36. Los datos sobre opinión pública entre marzo y junio de 1993 muestran un descenso brusco en la reacción favorable ante el manejo, por parte del gobierno, de las relaciones con el Ejército (de 48,0% a 27,4%) y de los derechos humanos (de 46,1% a 38%): “Estudio social y de opinión pública núm. 20, julio 1993”, Santiago: agosto de 1993, p. 52.

37. De Brito, Human Rights and Democratisation in Latin America: Uruguay and Chile. Nueva York: 1997, pp. 152-188, y passim.

38. Véase Garretón et al. M. A. Garretón, et al., Los chilenos y la democracia: la opinión pública, 1991-1994. Volumen 3: Informe 1993, Santiago: Participa, 1993, p. 64-66.

39. Ante la creciente presión internacional sobre la dictadura, el caso se eximió expresamente de la ley de Amnistía autoproclamada en 1978. La transición pactada de Chile a la democracia significó aceptar la legitimidad de esta ley, que los gobiernos de la Concertación no lograron revocar debido a la presencia de senadores designados y la representación excesiva de derecha en el Congreso.

40. Desde 1990, los gobiernos, con cierta medida de éxito, han procurado promover a jueces comprometidos con la reforma y trasladar ciertos casos de la justicia militar a la justicia civil.
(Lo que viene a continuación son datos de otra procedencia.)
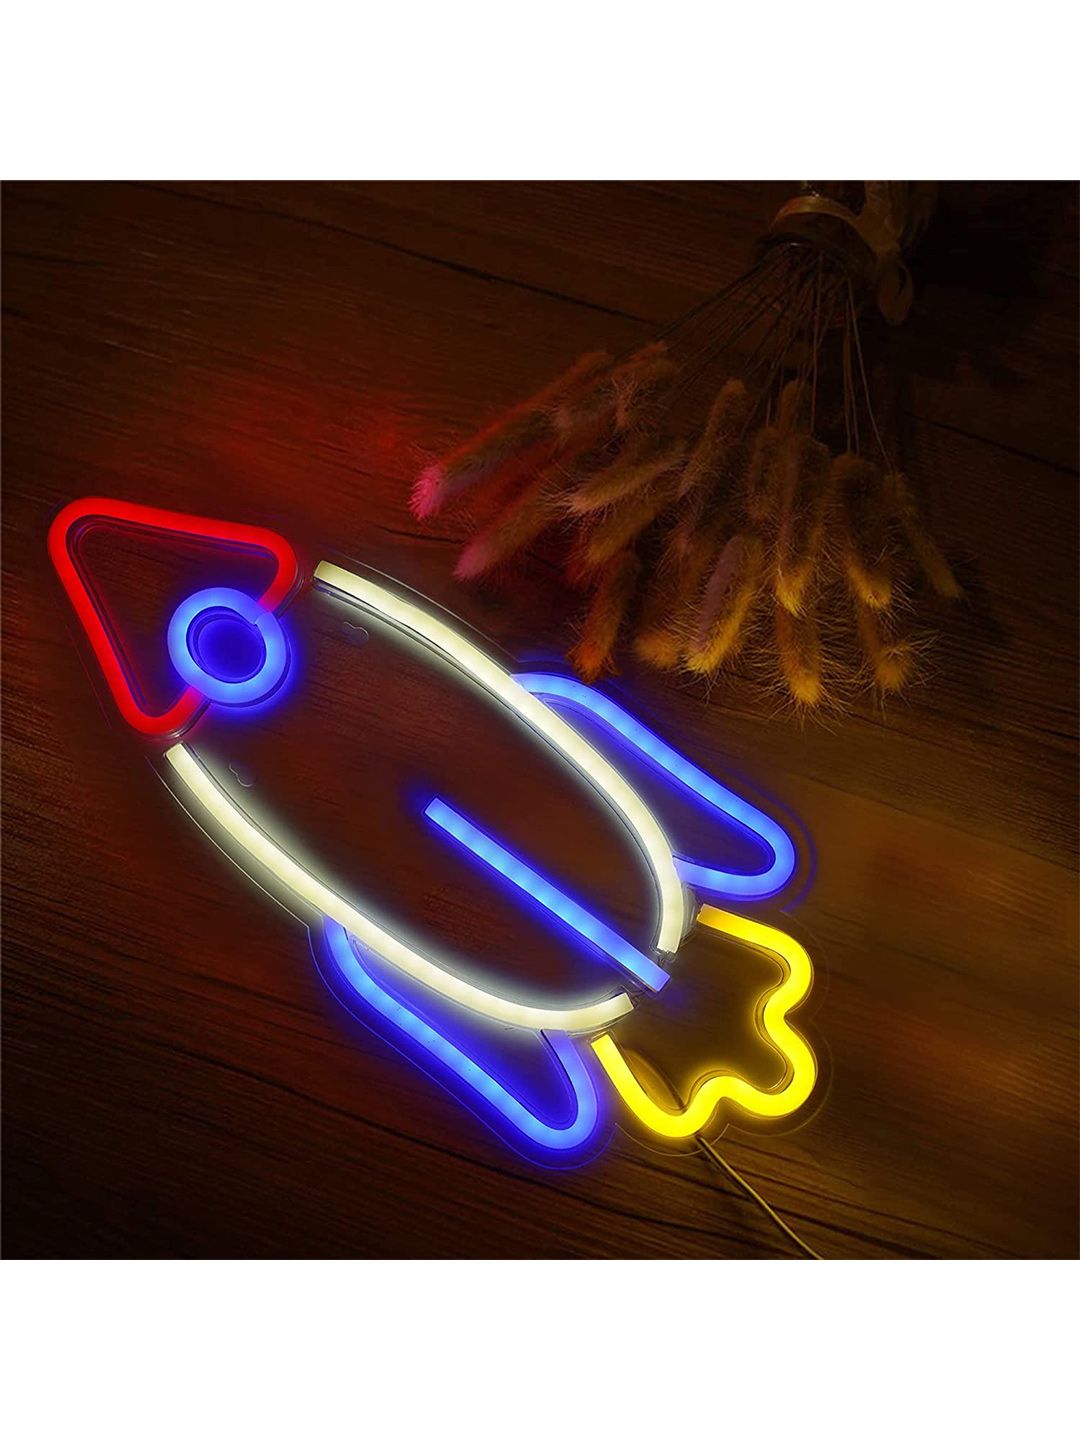 XERGY Blue & White Rocket Shaped Signs Hanging Wall Lamps Price in India

Con respecto a la falta de protección de los derechos humanos en los tribunales durante la dictadura, véase Informe de la Comisión Nacional de Verdad y Reconciliación (Informe Rettig). Secretaría general de gobierno, Santiago: 1991 y J. Correa Sutil, “‘No Victorious Army has ever been Prosecuted…’: the Unsettled Story of Transitional Justice in Chile”. A. J. McAdams (ed.), Transitional Justice and the Rule of Law in New Democracies. Notre Dame, Indiana: The University of Notre Dame Press, 1997, pp. 125-154.
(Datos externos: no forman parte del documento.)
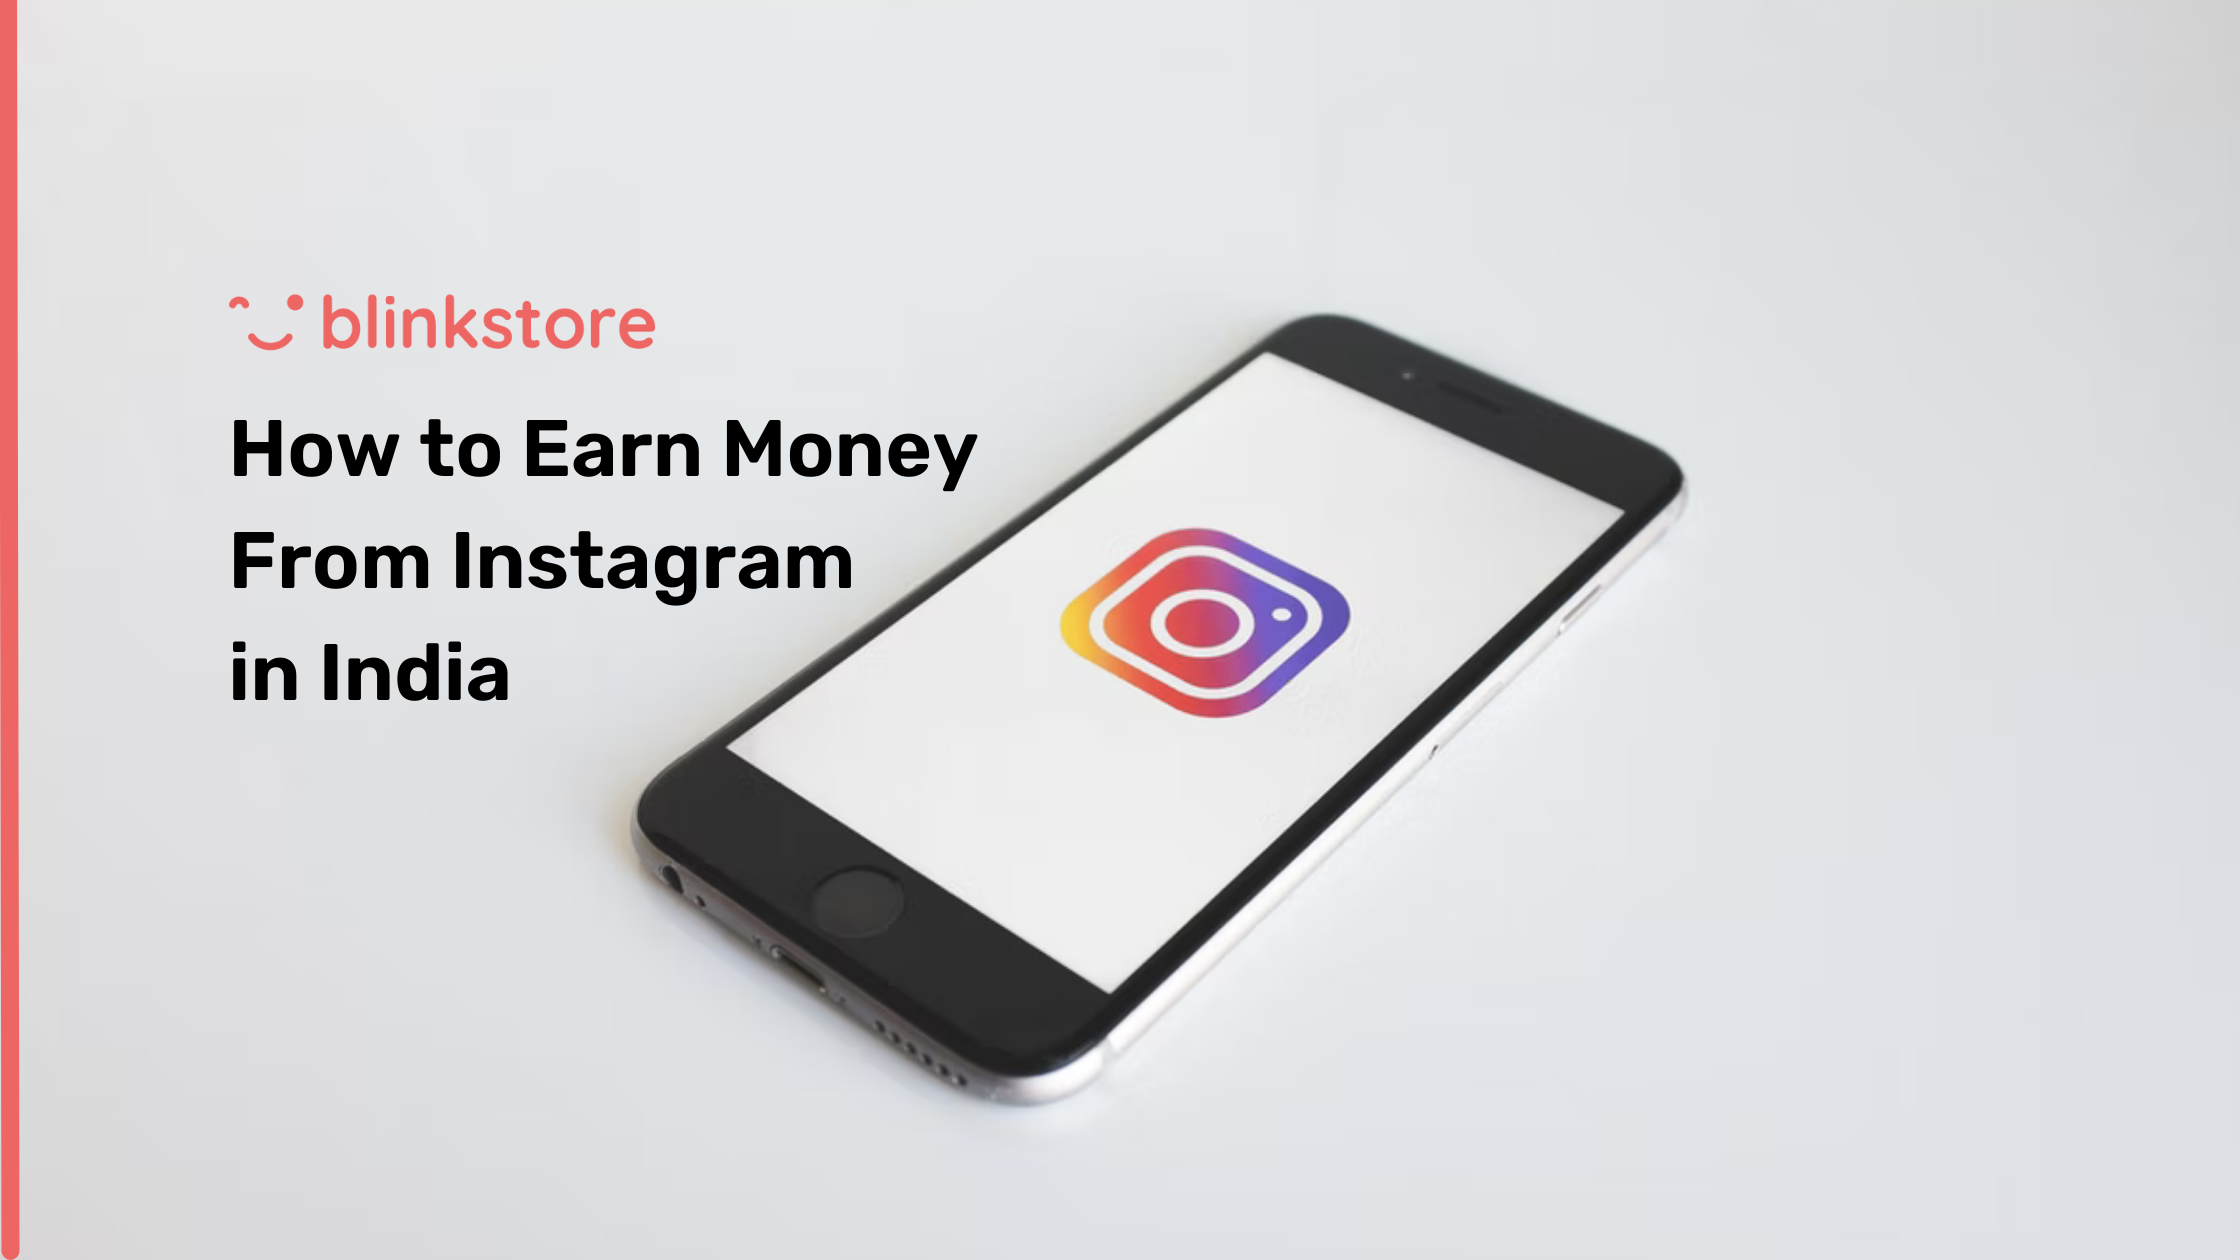 15 Amazing Ideas On How To Earn Money From Instagram in India

41. La investigación judicial del caso Albania se reabrió y, a diciembre de 1998, los supuestos autores (miembros de la inteligencia militar de la época, CNI) fueron acusados de homicidio. Durante la dictadura, la Colonia Dignidad, establecimiento alemán semiautónomo en el sur de Chile, fue un lugar de detención, tortura y desaparición. Este lugar siniestro hizo noticia repetidas veces durante todo el lapso a partir de 1990. (Resulta revelador que, a pesar de haber cambiado su nombre legalmente por el de “Villa Baviera”, la comunidad sigue apareciendo en la prensa con el nombre antiguo, lo que la fija en la memoria histórica). Hasta aquí, las iniciativas persistentes del gobierno y de los tribunales, con el apoyo activo del gobierno de Alemania, no han logrado penetrar sino en parte los supuestos secretos.

42. Los procesos contra Pinochet en España, incluso el caso Soria, están resumidos en P. Rojas B., Tarda pero llega. Que se publicó en Chile un mes antes del viaje fatal del general a Londres.
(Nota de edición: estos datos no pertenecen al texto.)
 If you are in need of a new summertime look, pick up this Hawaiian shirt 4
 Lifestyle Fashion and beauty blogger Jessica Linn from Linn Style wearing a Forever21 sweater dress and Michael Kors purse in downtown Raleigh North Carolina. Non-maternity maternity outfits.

43. Dos de los primeros análisis están en Rodrigo Baño “La ropa sucia se lava en... la medida de lo posible”. Análisis del año 1998: Sociedad, política, economía. Santiago: Departamento de Sociología, Universidad de Chile, pp. 11-23, y Claudio Fuentes, “Cuando lo anormal se convierte en cotidiano. Los militares y la política en Chile 1998”. Análisis del Año 1998. Santiago: Departamento de Sociología, Universidad de Chile, 1999, pp. 59-70. El segundo, con acierto, pone el caso Pinochet dentro de la evolución más amplia de la relaciones entre civiles y militares durante los ocho primeros años de la transición de Chile bajo la Concertación.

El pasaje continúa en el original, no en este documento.